Machine Relations is Ignite X’s execution practice for changing how AI engines describe a brand. Where the Credibility Score diagnoses which of six dimensions is dragging a brand down, Machine Relations is the ongoing work that moves those dimensions: entity cleanup, citation surface building, founder authority, community presence, media authority, and repeat measurement. The score is the diagnosis; Machine Relations is the remedy.
What is the difference between the page clock and the brand clock?
The page clock is how long a single new page takes to be cited in tools like ChatGPT or Claude, around a 6.81-day median to first citation in the benchmark discussed here. The brand clock is how long AI engines take to update the aggregate story they tell about a company across many queries, which runs on a 60-to-90-day window. Fast page citations are a leading indicator, not proof that the brand is already treated as a category authority.

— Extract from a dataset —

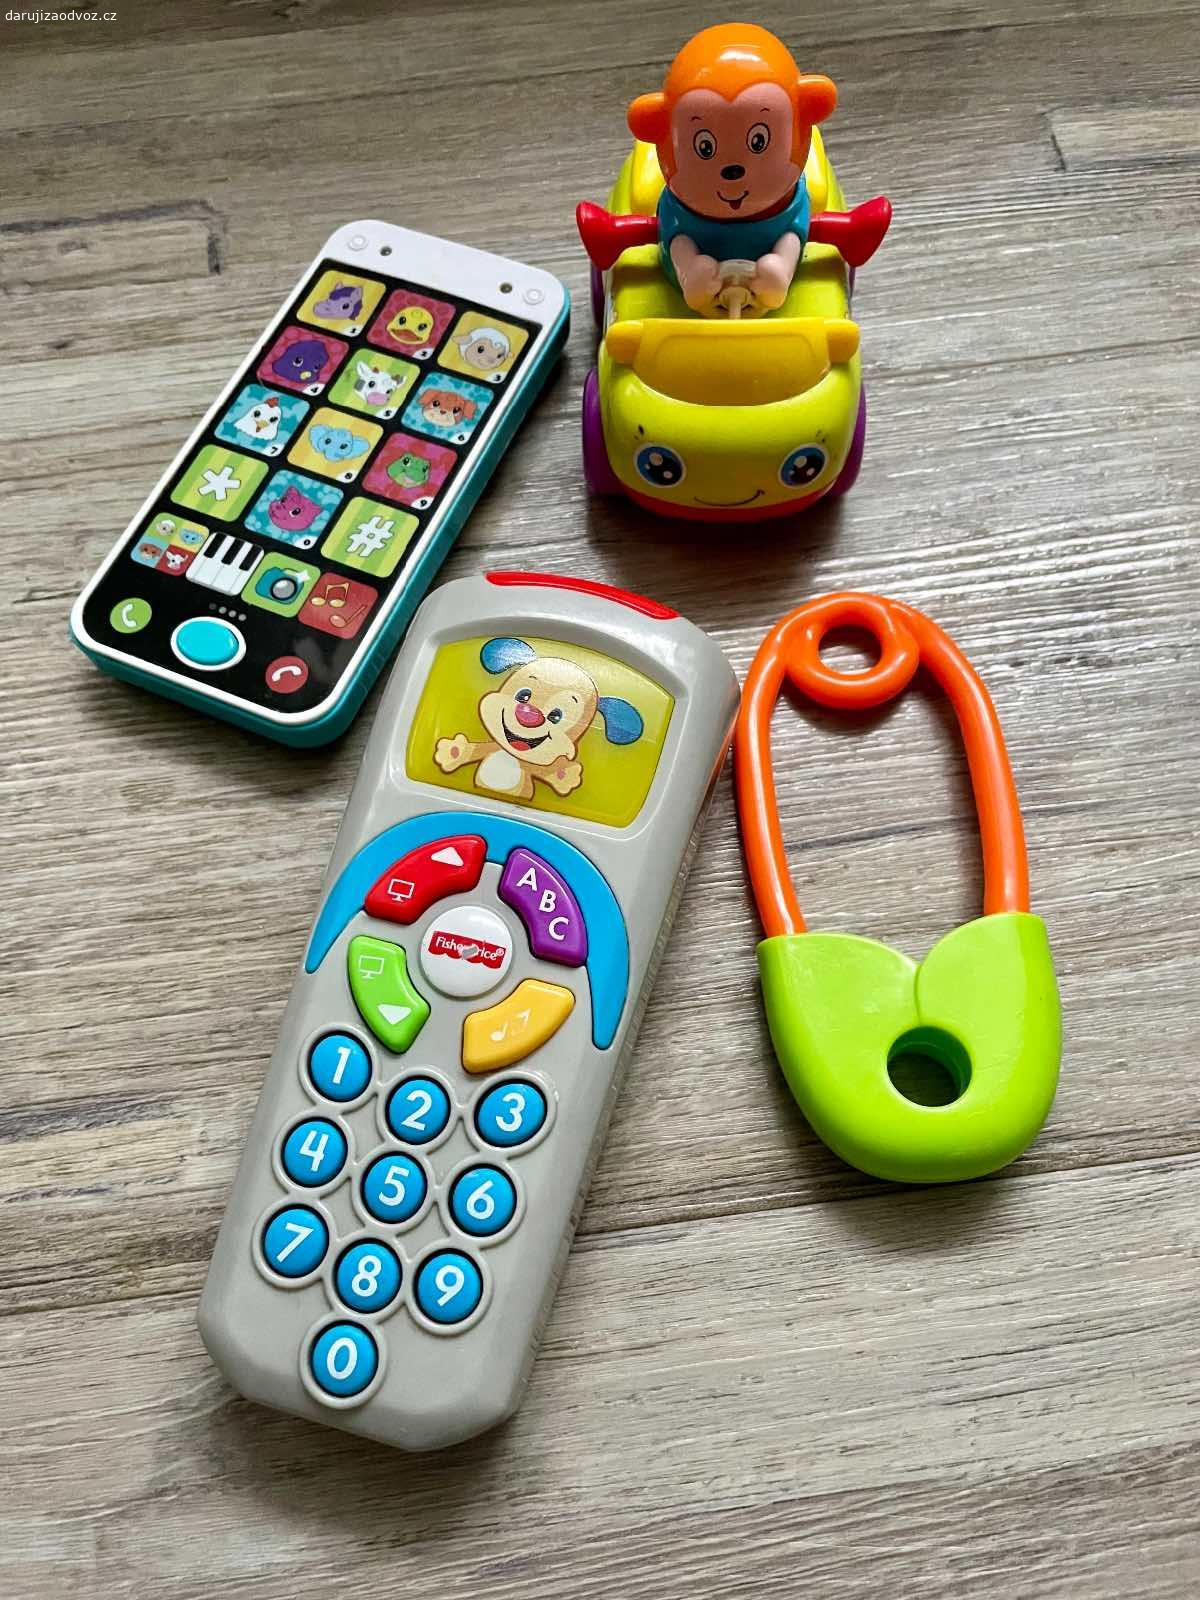 Hračky pro děti. Daruji hračky pro děti - u telefonu a dálkového ovladače nutno vyměnit baterky. Předání v Letňanech
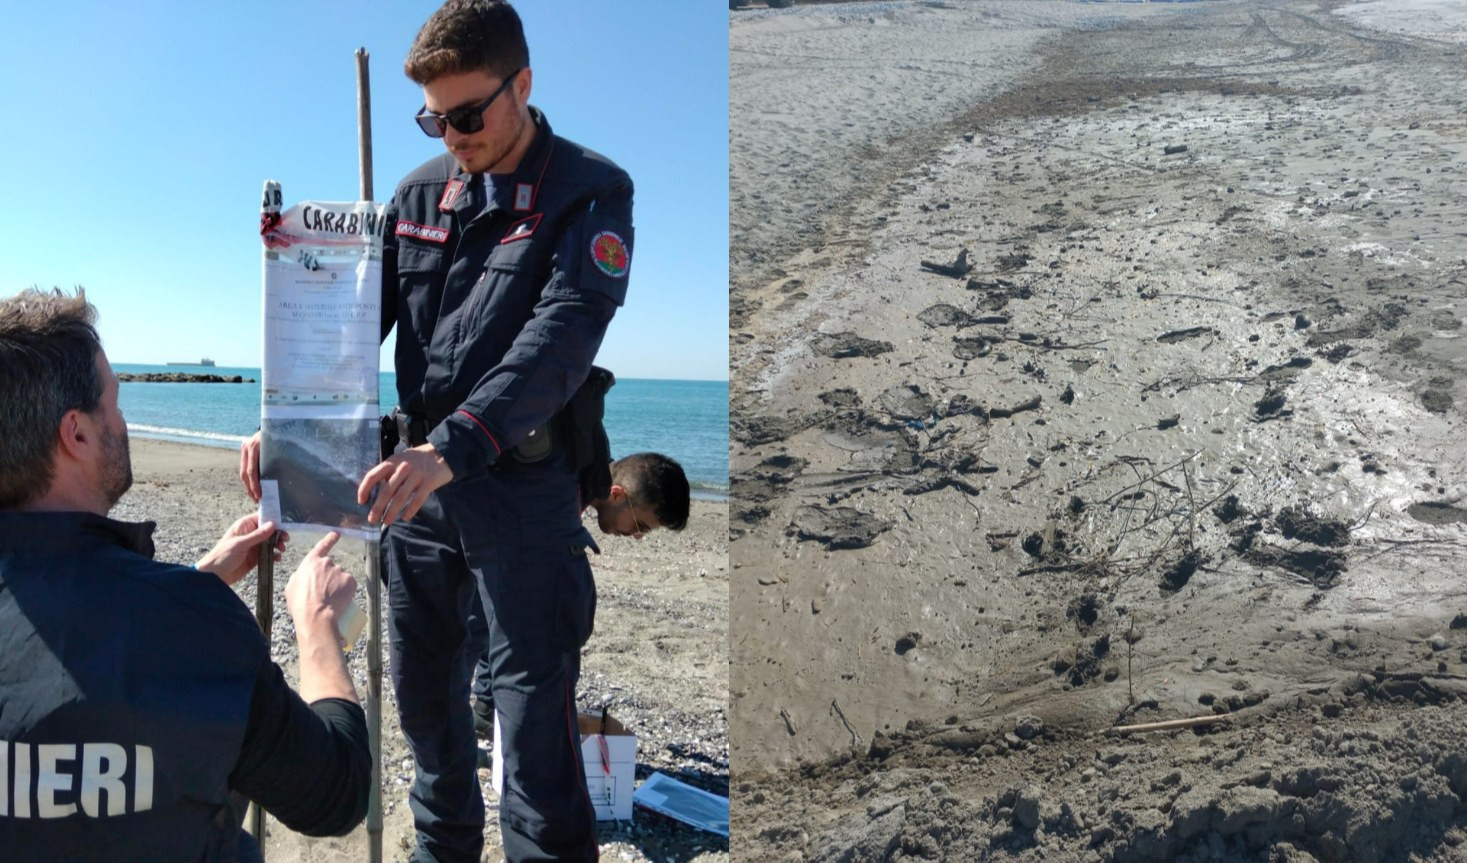 Sabbia non conforme, pozze di fango e acqua torbida: spiaggia sequestrata a Sarzana

How long does it take to move an AI visibility or Credibility Score?
In the composite engagement Carmen describes, two weeks of entity work barely moved the score, with Digital Trust rising from 3 to 4, but it corrected how AI engines represented the company. The heavier lifting in weeks four to ten took the score from 11 out of 30 to 19 out of 30 and crossed the tier. Tier movement needs several page-level wins plus the slower dimensions catching up over 60 to 90 days.
Does posting more on LinkedIn improve founder authority for AI visibility?
Usually not by itself. AI engines weight founder authority on what they can verify across independent surfaces, not on volume inside one platform a person owns. A realistic 90-day build is three verifiable signals in order: one contributed article, one podcast with an indexed transcript, and one earned-media mention with the founder quoted, while LinkedIn drops to one or two strong posts a week that point at those signals.